AMELIA CORTESE E LA SUA FONDAZIONE

Ha compiuto cento anni. Non la Fondazione Cortese (che è molto più giovane) ma lei, la più straordinaria donna liberale che ho conosciuto, Amelia Ardias Cortese. Sempre attiva, lucidissima, protagonista della politica a Napoli (e non soltanto) “donna Amelia” ha dedicato i suoi ultimi anni alla Fondazione intitolata al marito Guido e al figlio Roberto, defunti entrambi dopo essere stati attivi nella vita politica napoletana e nazionale.
Guido Cortese è stato un esponente di rilievo del partito liberale sin dai primi anni dopo la guerra, ministro dell’industria dal 1955 al 1957; a lui si devono leggi importanti che contribuirono al rilancio del Mezzogiorno quando tutti sembravano convinti che il definitivo superamento della questione meridionale dovesse costituire l’obiettivo fondamentale della giovane repubblica. Lui, liberale convinto, sosteneva però che senza la leva di un intervento straordinario dello Stato sarebbe stato impossibile raggiungere lo scopo, e poiché lo Stato possedeva allora gli strumenti di promozione industriale necessari (l’IRI che aveva ereditato dal fascismo) bisognava utilizzarli, anche al di là dell’immediata convenienza economica, per raggiungere in tempi brevi risultati significativi; forse il modello che aveva in mente era la ben nota Tennessee Valley Authority di Roosevelt. Morì troppo presto, nel 1964, lasciando un vuoto soprattutto in molti giovani liberali come me che lo ritenevano un importante punto di riferimento.
Sua moglie Amelia ne raccolse l’eredità politica dedicando la sua vita a una concezione moderna del liberalismo, ai diritti delle donne (che soprattutto nel Mezzogiorno sembrava una rivendicazione quasi eversiva), e all’unità europea che ha sempre considerato un traguardo di fondamentale importanza anche per le regioni meridionali. Consigliere comunale nel 1970, consigliere regionale dal 1975, entrata a far parte della Giunta nel 1995 ha avuto deleghe di grande importanza (politiche giovanili, lavoro, urbanistica, beni ambientali e culturali) fino a divenire vice-presidente della Regione.
Ho avuto nel corso della mia ormai lunga esistenza la possibilità di conoscerla bene (per quanto bene si possa conoscere una personalità così complessa con interessi tanto estesi) e, nella mia veste di direttore scientifico e vice-presidente della Fondazione Einaudi di Roma, di collaborare con la Fondazione Cortese di cui “donna Amelia” è presidente e instancabile animatrice.

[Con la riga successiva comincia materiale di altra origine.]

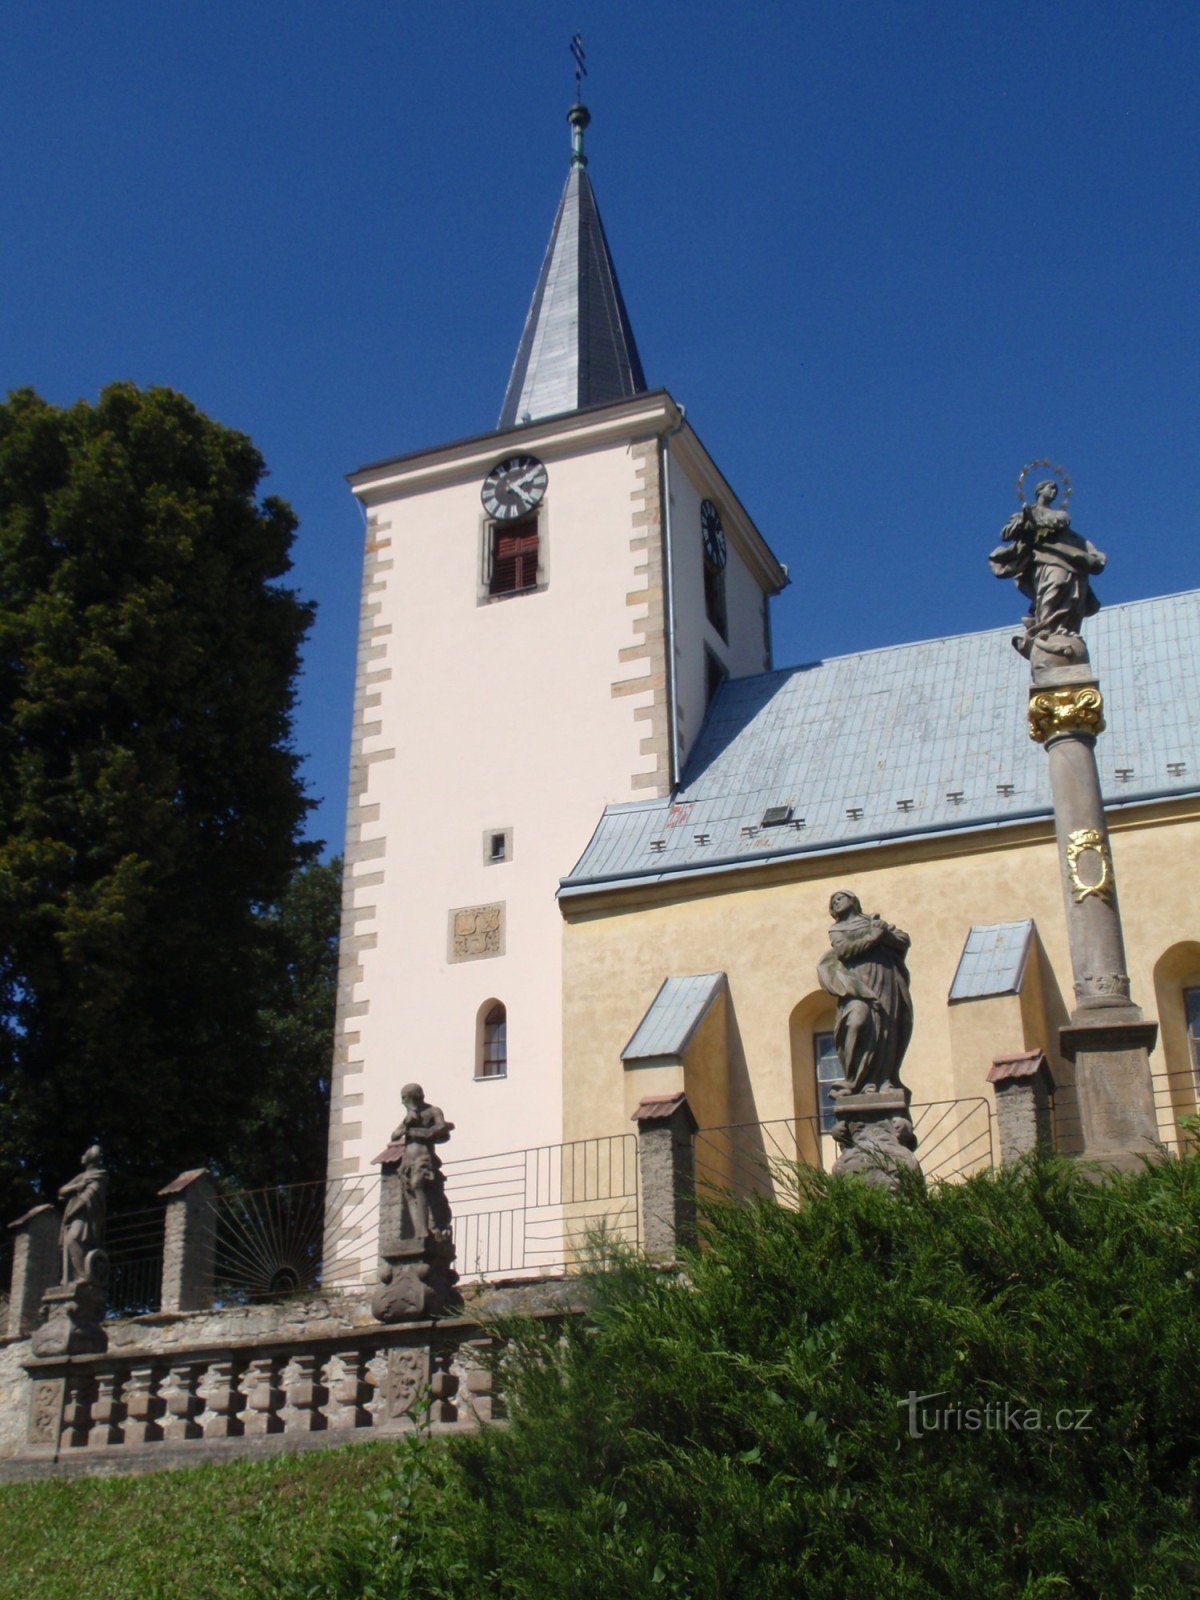 Biserica Sf. Jiří în Kunčín

Le “scuole di liberalismo” di Napoli si svolgono ancora oggi sotto l’egida della Fondazione Cortese, ma ricordo anche convegni e seminari importanti sui problemi della comunicazione (realizzati in collaborazione con le università napoletane) dove, in anticipo sui tempi, si cominciò a discutere del rapporto tra le concezioni liberali e i nuovi strumenti di informazione che, a cominciare dalla televisione, imponevano riflessioni e rimedi che non hanno perso la loro attualità.

I cento anni di Amelia Cortese mi hanno colto di sorpresa; per lei sembrava che il tempo avesse sospeso il suo inesorabile scandire. Si può ben dire che di donne come lei ne nasce una ogni cent’anni. Cent’anni sono passati ma altre non ne vedo.
Auguri, donna Amelia, ad majora, c’è ancora da fare.